What you need to do – Restate verbatim the span of lines below between the line with "Dunhill suit" and the line with "Brandi Chastain Celebrates", including those two lines, and only that span.

Records provided –
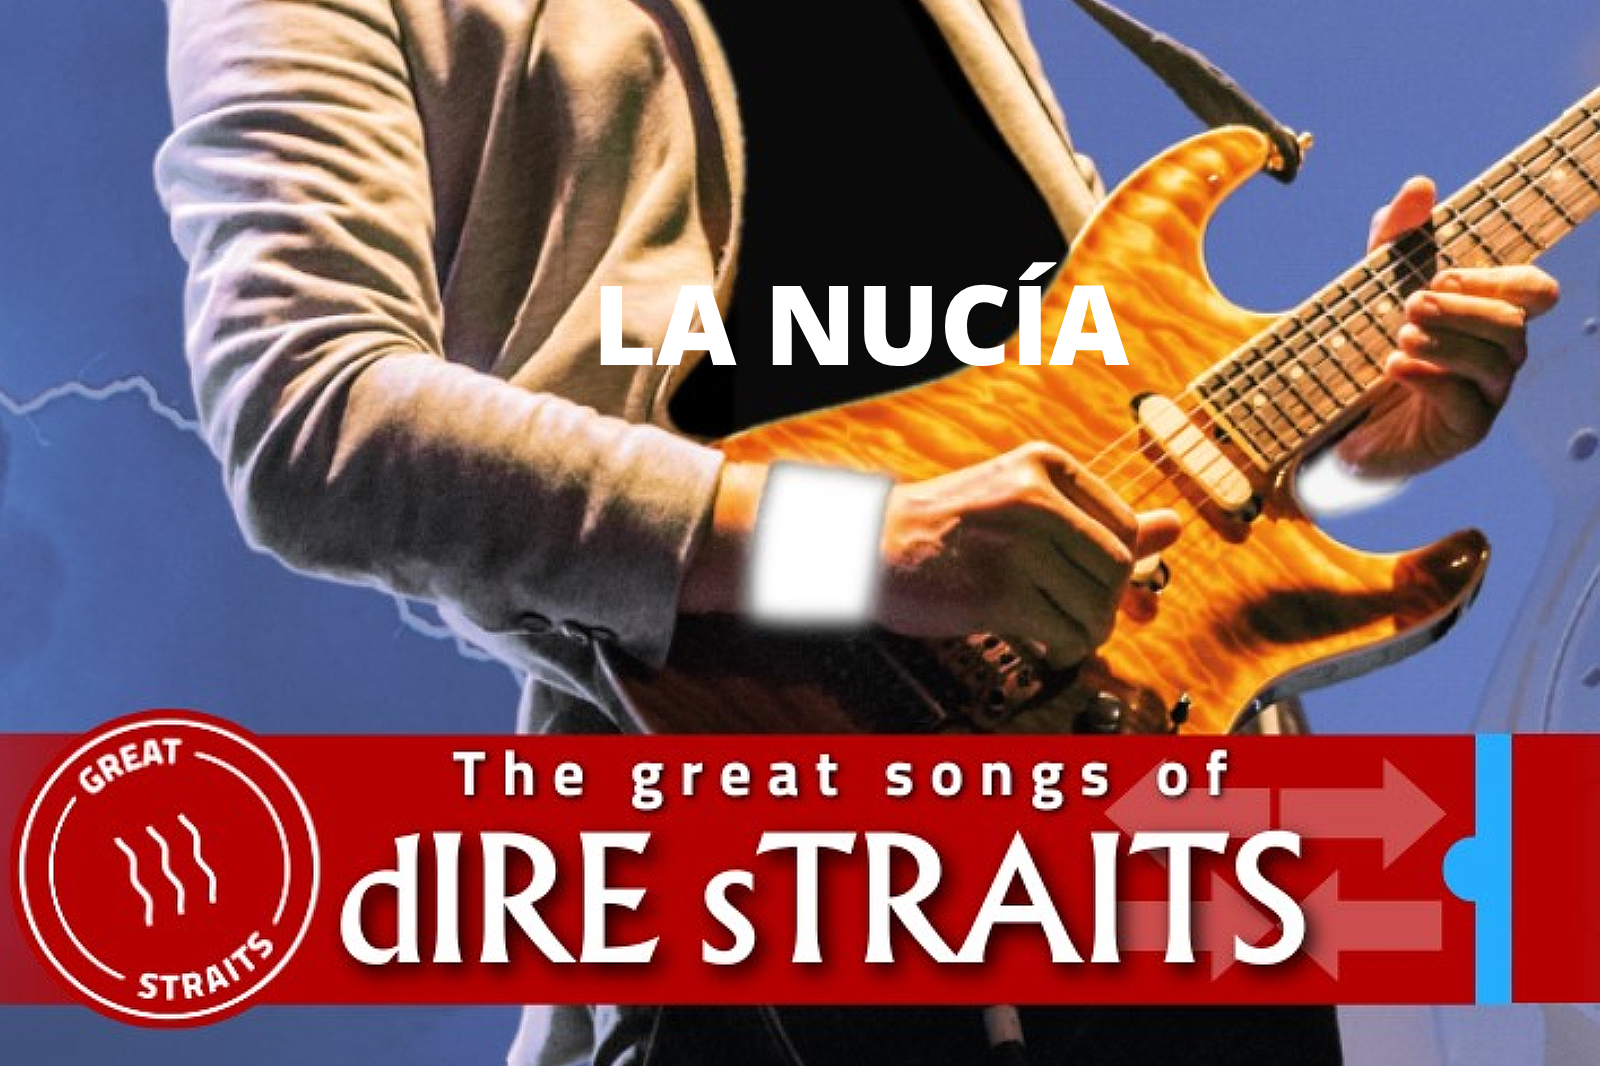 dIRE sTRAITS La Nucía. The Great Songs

==

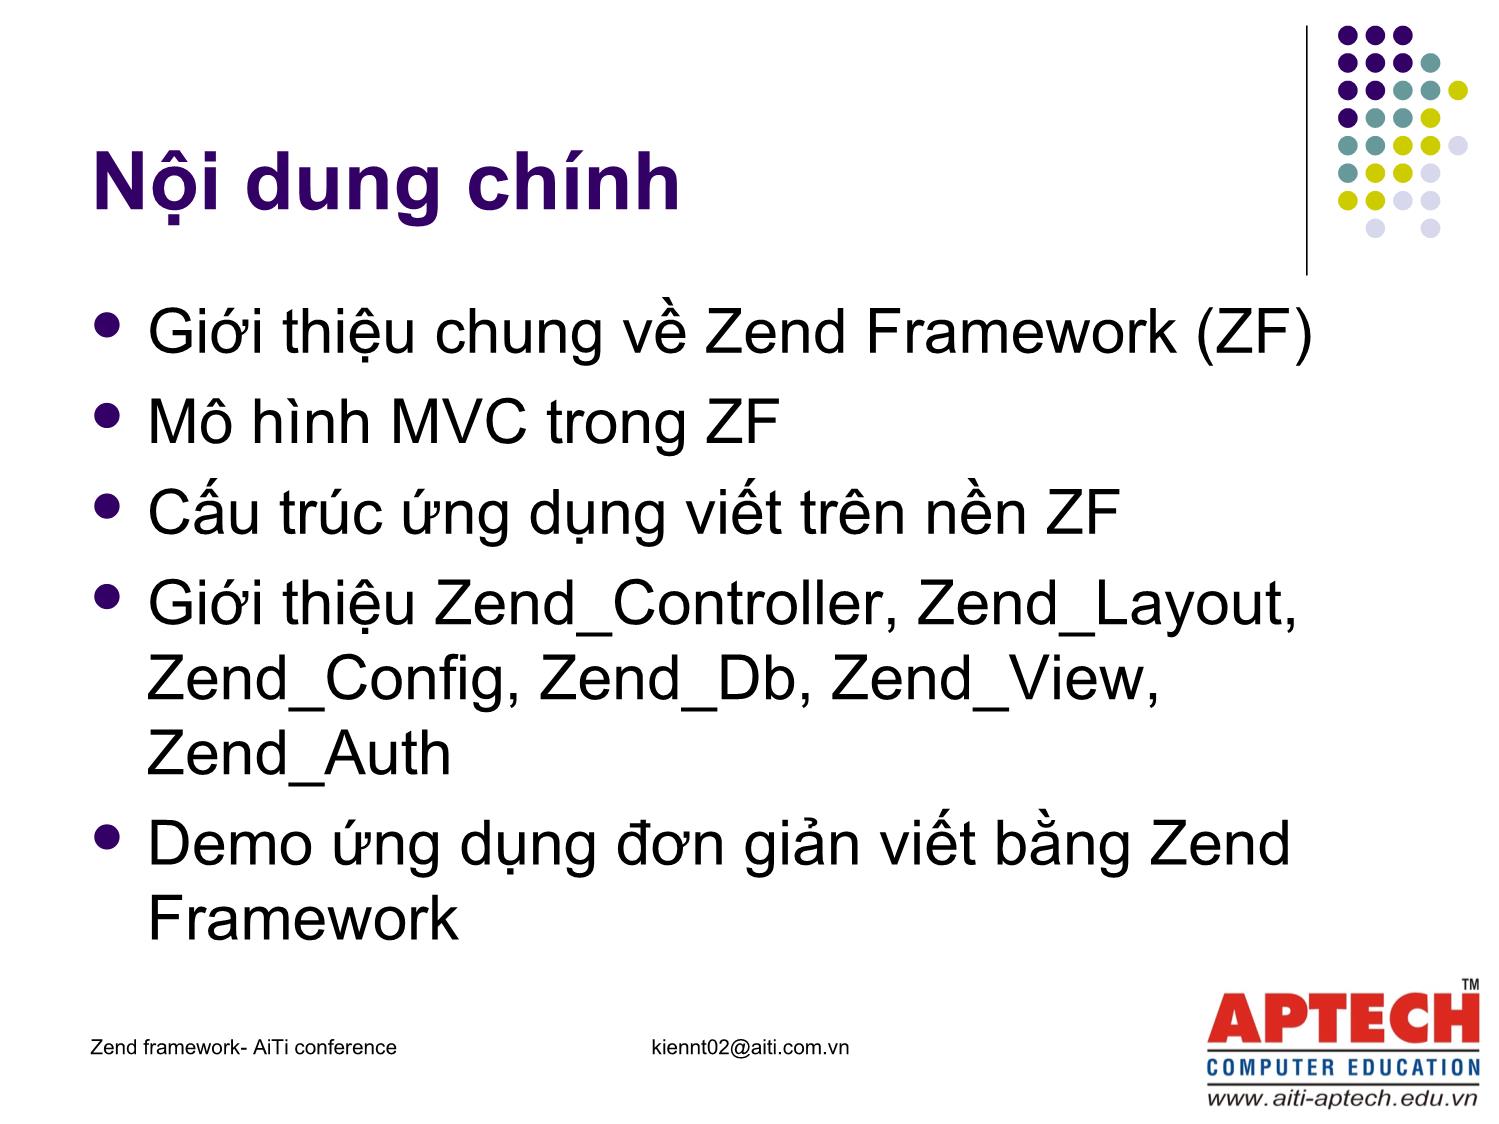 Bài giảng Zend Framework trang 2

* * *

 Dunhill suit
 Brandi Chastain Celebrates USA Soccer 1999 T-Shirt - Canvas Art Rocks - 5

Response box –
 Dunhill suit
 Brandi Chastain Celebrates USA Soccer 1999 T-Shirt - Canvas Art Rocks - 5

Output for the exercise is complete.